Big Data on AWS Deep Dive (Part 3): Data Ingestion — DMS, Zero-ETL, Firehose, and MSK
Four data sources, four ingestion pipelines — learn CDC with DMS, Aurora Zero-ETL, Kafka on MSK, and Firehose micro-batching to land data into your S3 data lake.
The core question in our customer scenario: MySQL, DocumentDB, Elasticsearch, and client-side event tracking — how does each data source land in S3?
This chapter covers four ingestion pipelines and the 7 AWS services involved (DMS, Zero-ETL, OpenSearch Ingestion, Firehose, MSK, KDS, and Lambda).
The Big Picture
Four data sources map to four ingestion pipelines:
| # | Data Source | Recommended Pipeline | Why |
|---|---|---|---|
| 1 | Aurora / RDS MySQL | Zero-ETL to SageMaker Lakehouse | Sub-second latency, fully managed, AWS-recommended |
| 2 | Self-hosted MySQL / DocumentDB | DMS to S3, then Glue merges into Iceberg | DMS supports 60+ heterogeneous sources |
| 3 | Elasticsearch / OpenSearch | OpenSearch Ingestion to S3 | DMS does not support ES as a source |
| 4 | Client-side event tracking | API Gateway to MSK to Firehose to S3 | Multi-subscriber fan-out, real-time feature pipeline ready |
Let’s dive into each one.
Pipeline 1: Business Database CDC with DMS
What Is DMS?
AWS Database Migration Service is AWS’s managed database migration and synchronization service.
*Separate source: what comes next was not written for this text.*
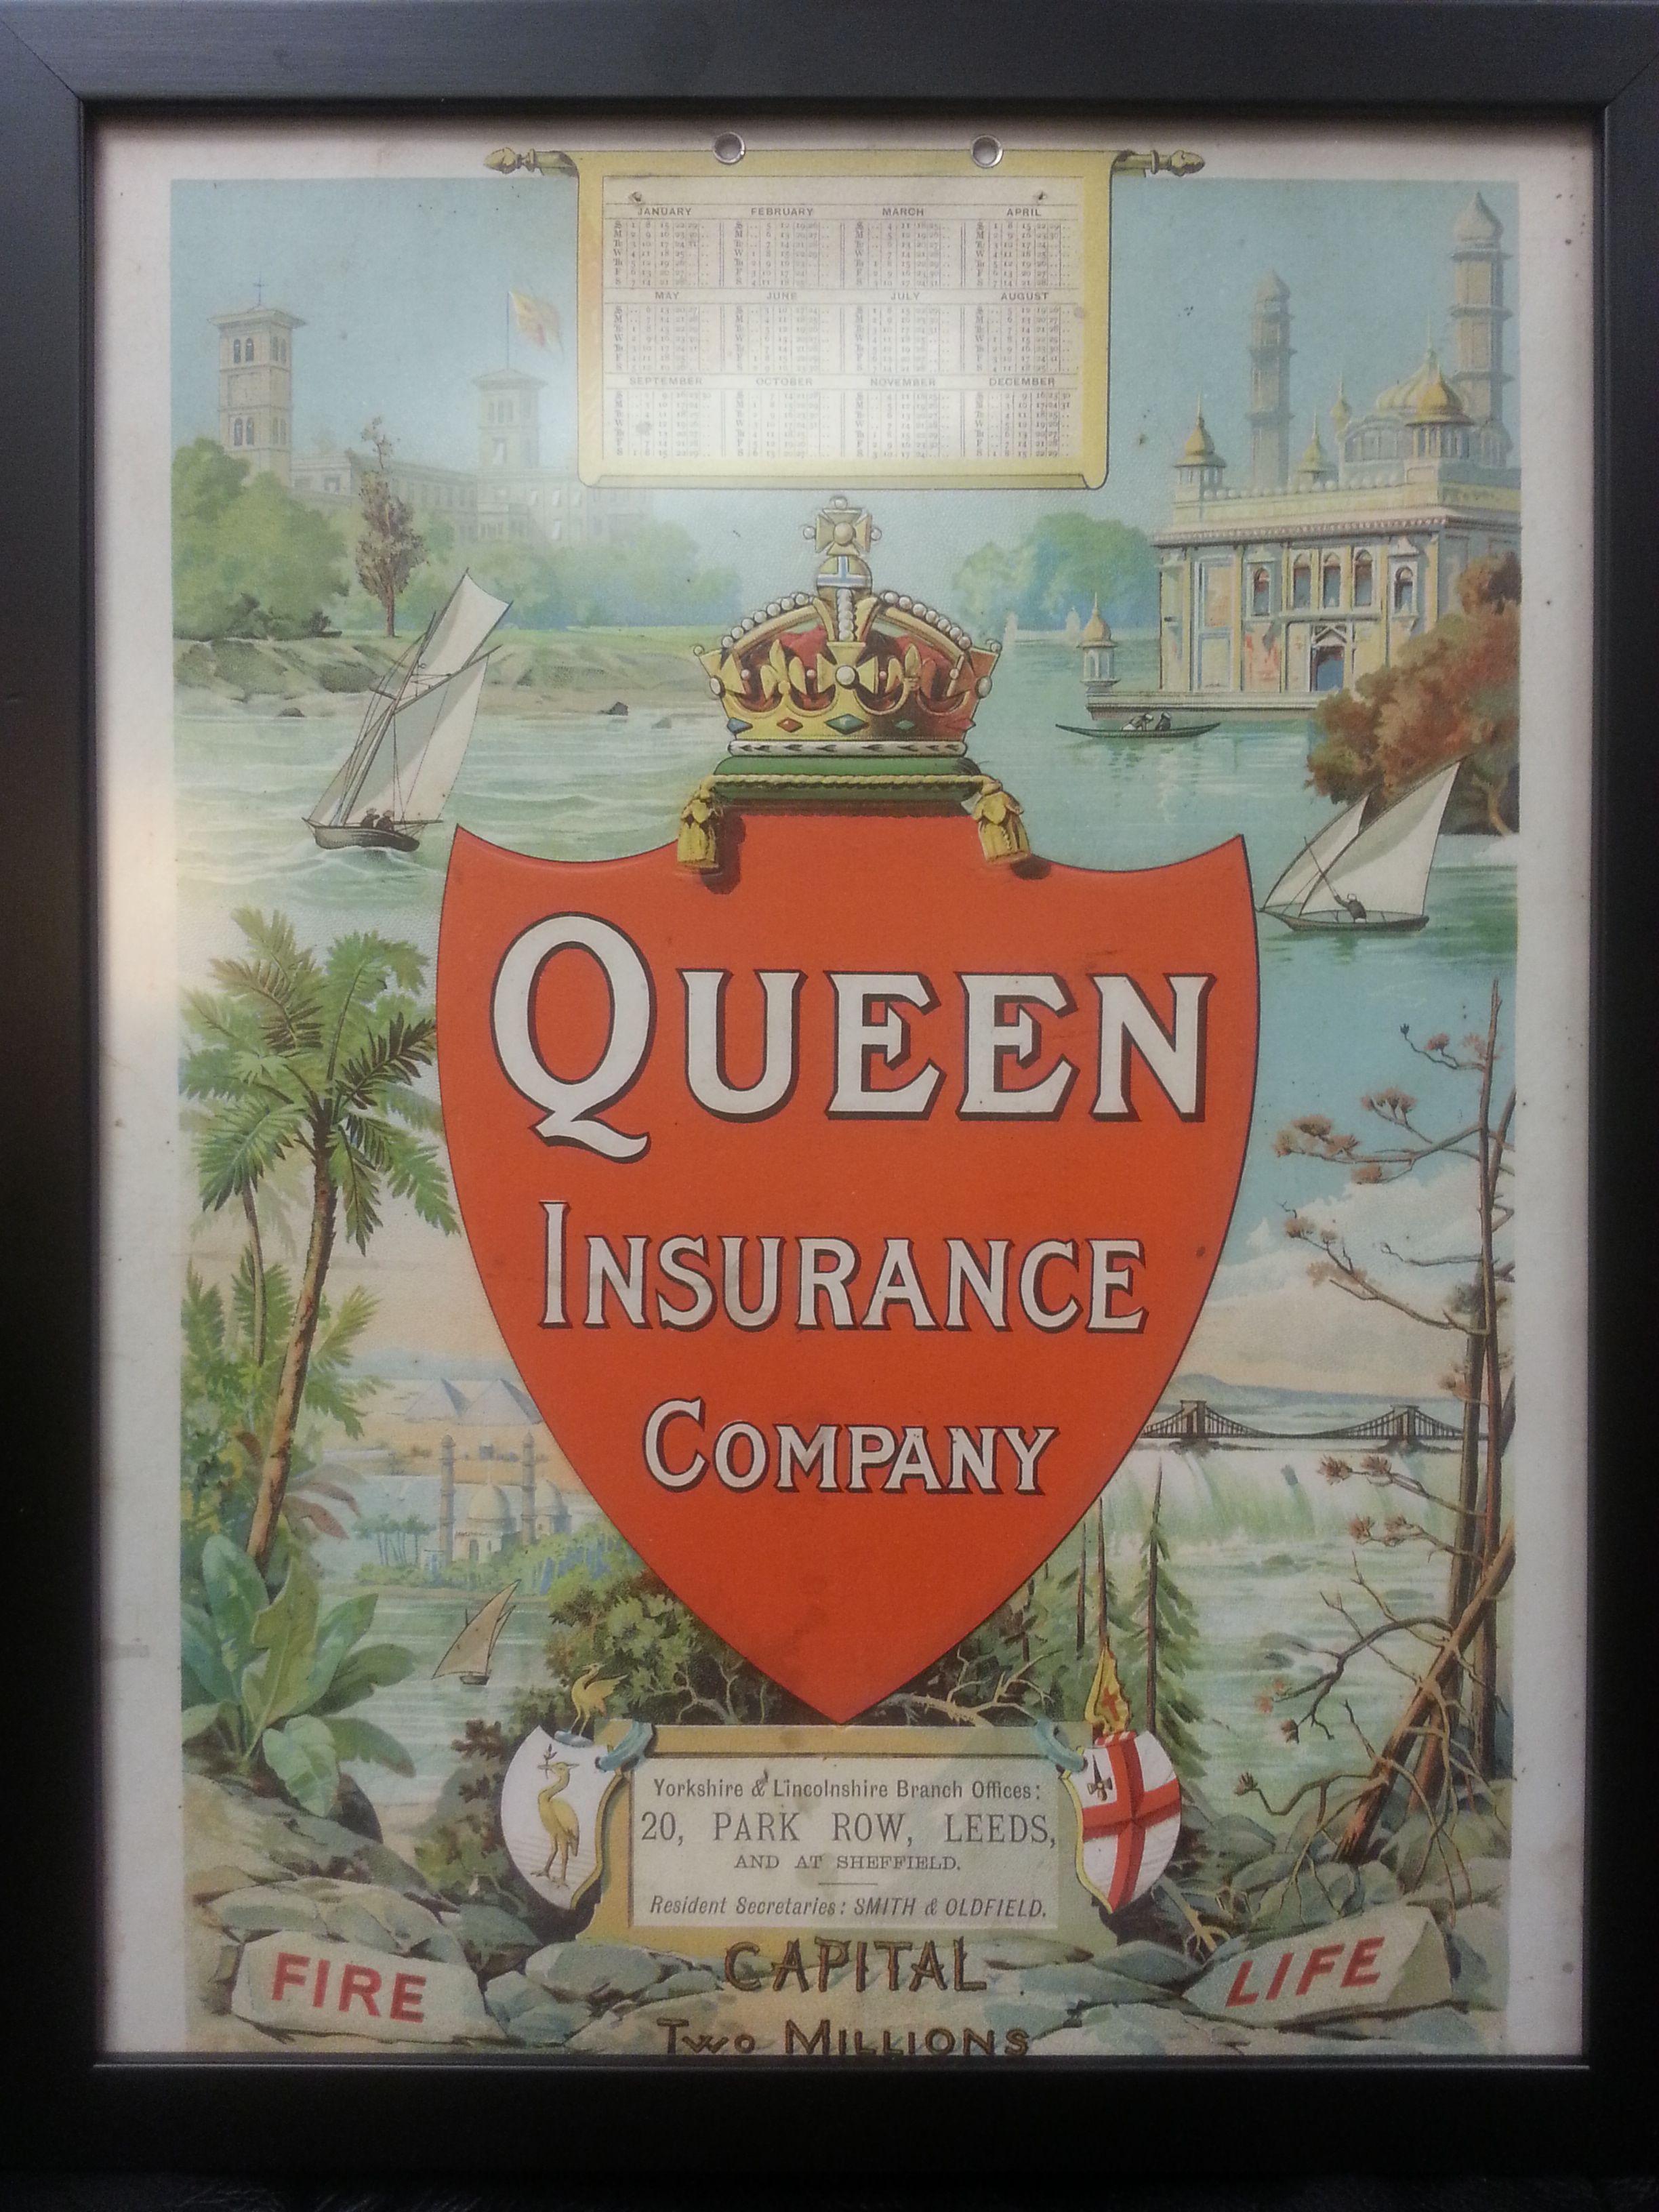 Queen Insurance Company | Antique Insurance & Fire Signs | Pinterest ...

Originally designed for “migrating on-premises Oracle to AWS RDS,” it has evolved into a general-purpose heterogeneous database sync pipeline.
It supports:
- 60+ databases as sources (MySQL, PostgreSQL, Oracle, SQL Server, MongoDB, DocumentDB, Redis, DynamoDB, Kafka, S3, etc.)
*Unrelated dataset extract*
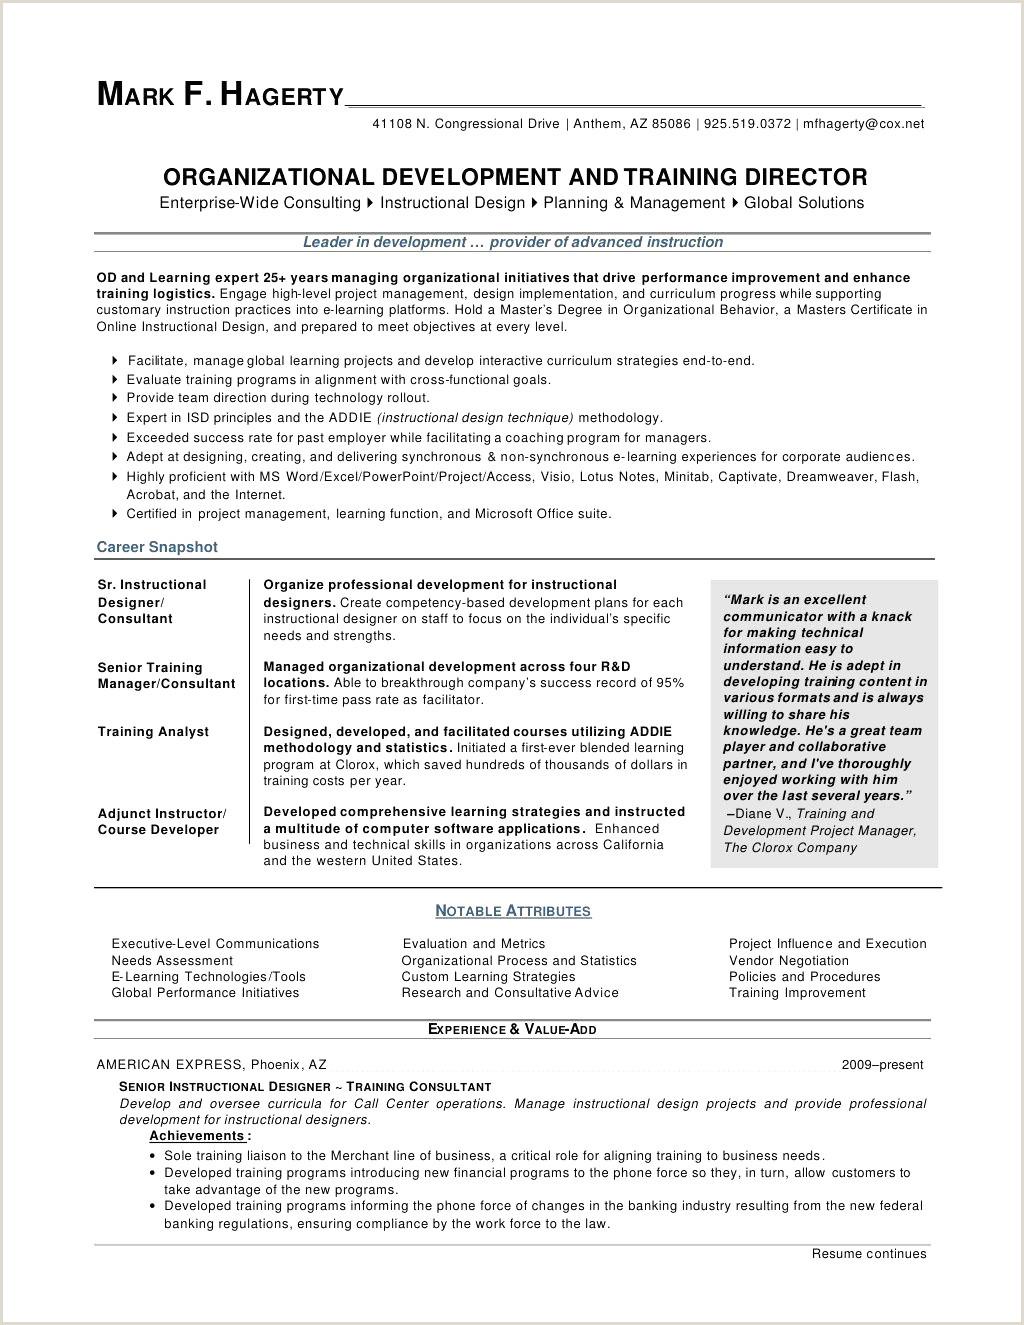 Job Application Cv Format For Job Cv For Job Gratuit Prehensive Cv Template First Time Resume

- 30+ endpoints as targets (including S3, Kinesis, and OpenSearch)
Two Operating Modes
Full Load (initial bulk load):
- Reads the entire table via
SELECT * FROM tableand writes it to the target - Large tables cause hours of high load on the source database (this is the only phase where DMS creates significant source pressure)
CDC (incremental sync):
- Disguises itself as a MySQL replica, subscribing to the binlog
- Converts each binlog event and forwards it to the target
- Minimal source database pressure (comparable to a real replica)
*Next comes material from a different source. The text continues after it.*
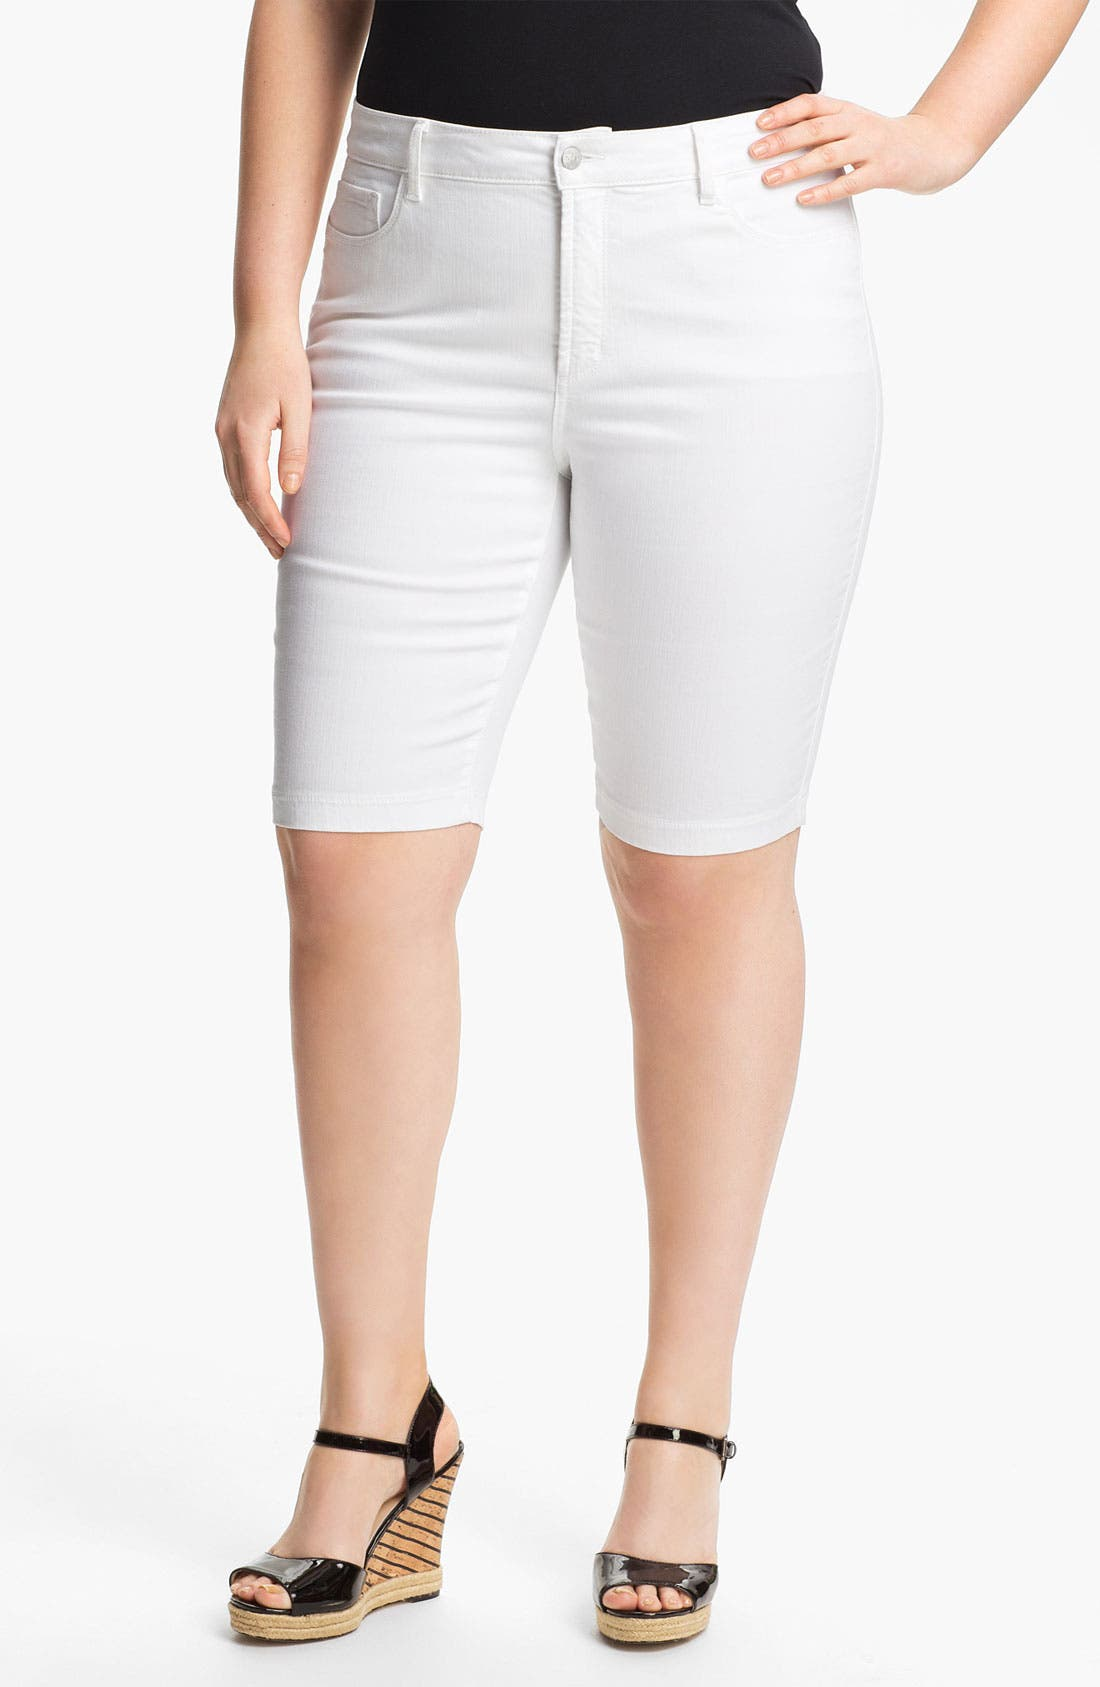 Alternate Image 1 Selected - NYDJ 'Helen' Stretch Denim Shorts (Plus Size)

- Latency of approximately 1 minute (tunable to seconds)
In practice, deployments typically combine both phases: “Full Load + CDC” — run the initial bulk load first, then switch to CDC for continuous synchronization.
The DMS “Three-Piece Set”
Configuring DMS requires creating three objects:
| Concept | Purpose |
|---|---|
| Replication Instance | The “worker” performing synchronization. You choose an instance size (starting at dms.t3.medium), running 24/7 at roughly $50/month |
| Endpoint | Connection details for the source and target (host, credentials, table selection rules) |
| Replication Task | Bundles “which source endpoint to which target endpoint, which tables, which mode (Full Load / CDC / Full + CDC)“ |
DMS Output to S3
When writing to S3, DMS outputs Parquet files (CSV is also supported but not recommended). The directory structure looks like:
s3://my-bucket/dms-raw/
└── poc-mysql-source/
└── orders/
├── LOAD00000001.parquet ← Full Load initialization files
├── LOAD00000002.parquet
└── 20260510-100001234.parquet ← CDC incremental files (includes Op column: I/U/D)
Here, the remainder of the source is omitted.